Cintra/Zachry asks FHA for a $320 million loan.
Contractor seeks government help
June 27, 2005
By Kurt Johnson
Taylor Daily Press, Copyright 2005
The contractor that signed an agreement with the state to build part of the Trans-Texas Corridor has sent a letter to the Federal Highway Administration inquiring about a $320 million loan.
That inquiry comes despite promises the Trans-Texas Corridor (TTC) would be built without using tax dollars.
According to the letter, Cintra/Zachry, the consortium that has a contract with the Texas Department of Transportation (TxDOT) to build the massive transportation project, is seeking the loan in order to build the 42-mile extension of SH 130 from Austin to Seguin. In addition to that leg of the toll road, preliminary plans for the TTC include a proposal to build a rail and utility pipeline corridor east of SH 130 through the Taylor and Coupland areas.

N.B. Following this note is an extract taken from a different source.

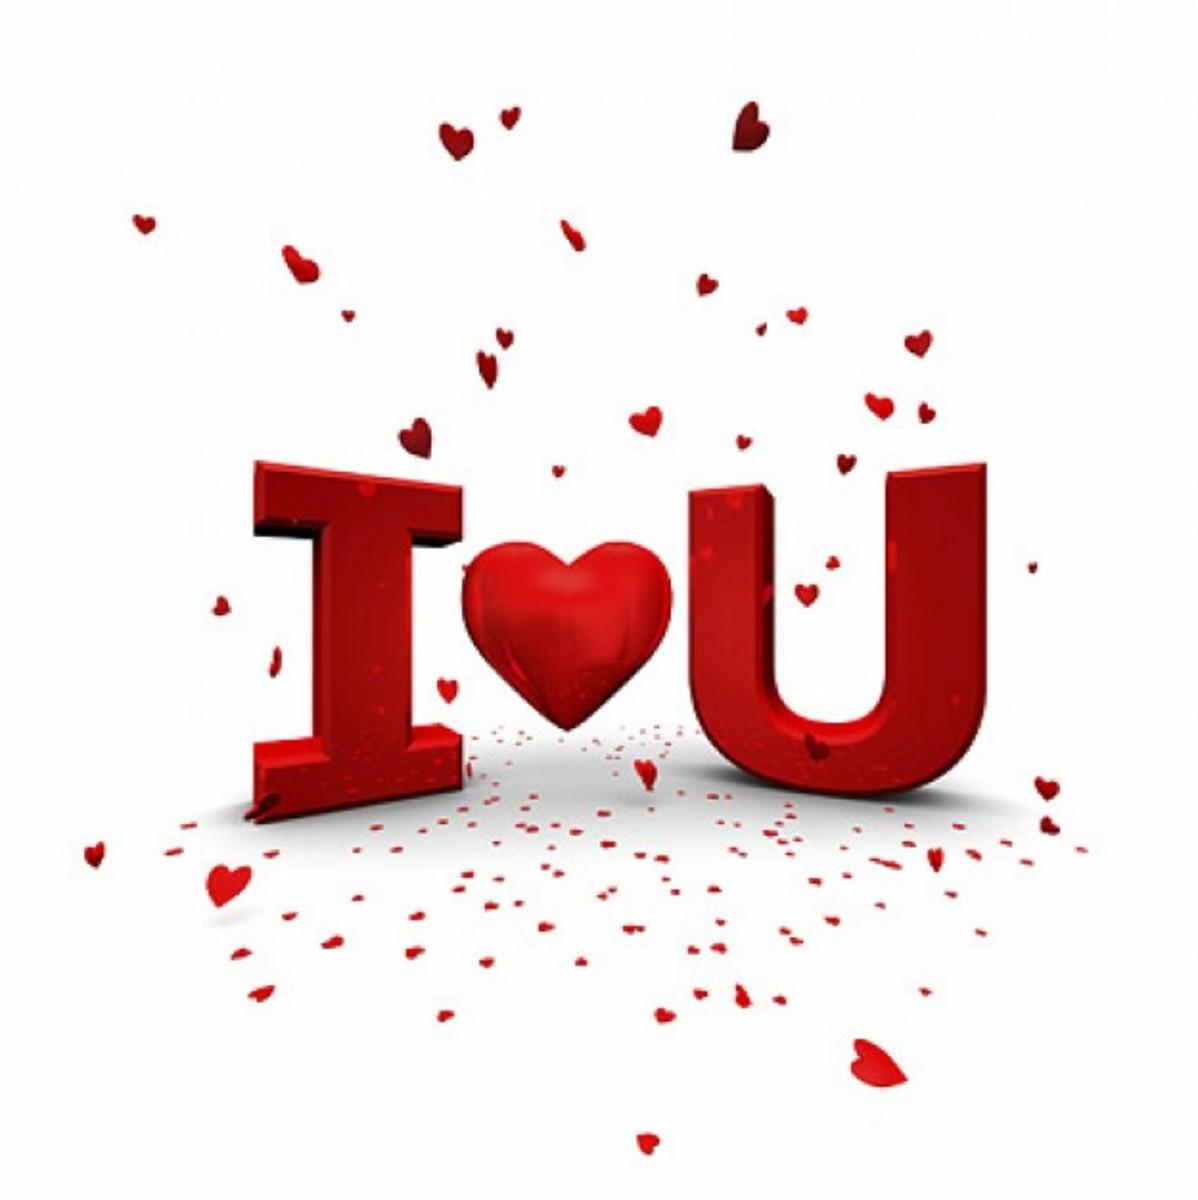 I ♥ U with Floating Hearts

Gabriel Garcia, a spokesperson for TxDOT, said the commitment by Gov. Rick Perry and TxDOT not to use taxpayer dollars for the TTC was intended to refer only to state funding.
"In saying that tax dollars would not be used, we only looked at state funding," Garcia said.

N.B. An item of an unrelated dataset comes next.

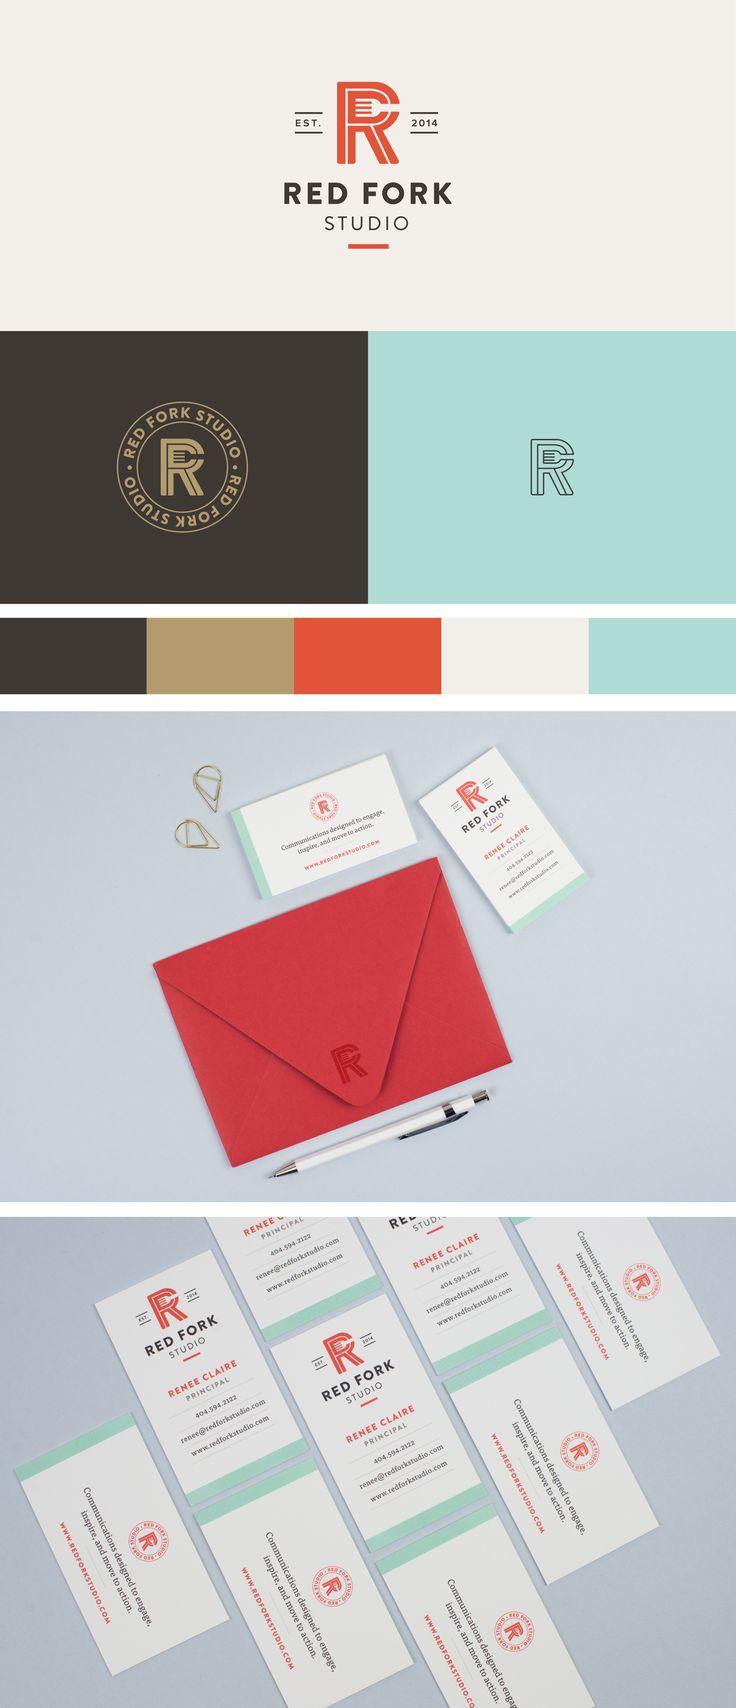 Red Fork Studio brand identity | Spruce Rd. | logo design, pattern design, online marketing, branding, monogram

According to Rosanna Salazar, a spokesperson for Cintra/Zachry, the letter sent to the Federal Highway Administration is a "normal process" for seeking funding for major projects.
Kathy Walt, spokesperson for Perry, said the funding sought by Cintra/Zachry would be a loan and not a grant.
"It would be repaid with interest," Walt said.
Mike Sizemore, a spokesman for state Sen. Ken Armbrister of Victoria, questioned whether Cintra/Zachry's solicitation of a federal loan breaks the commitment made regarding how the TTC would be funded.
"The whole thing (TTC) was touted as using private funds," Sizemore said.
In addition to seeking the loan from the federal government, Cintra/ Zachry filed a lawsuit in Austin last Friday seeking to keep its contract with TxDOT to build the TTC from being released under the Texas Open Records Act.
On May 31, Texas Attorney General Greg Abbott ruled that portions of the 200-page development agreement between Cintra/Zachry and the state should be released in response to requests from several Texas newspapers. Cintra/Zachry claims in its lawsuit that the development and financial plans in the agreement can remain confidential under state law.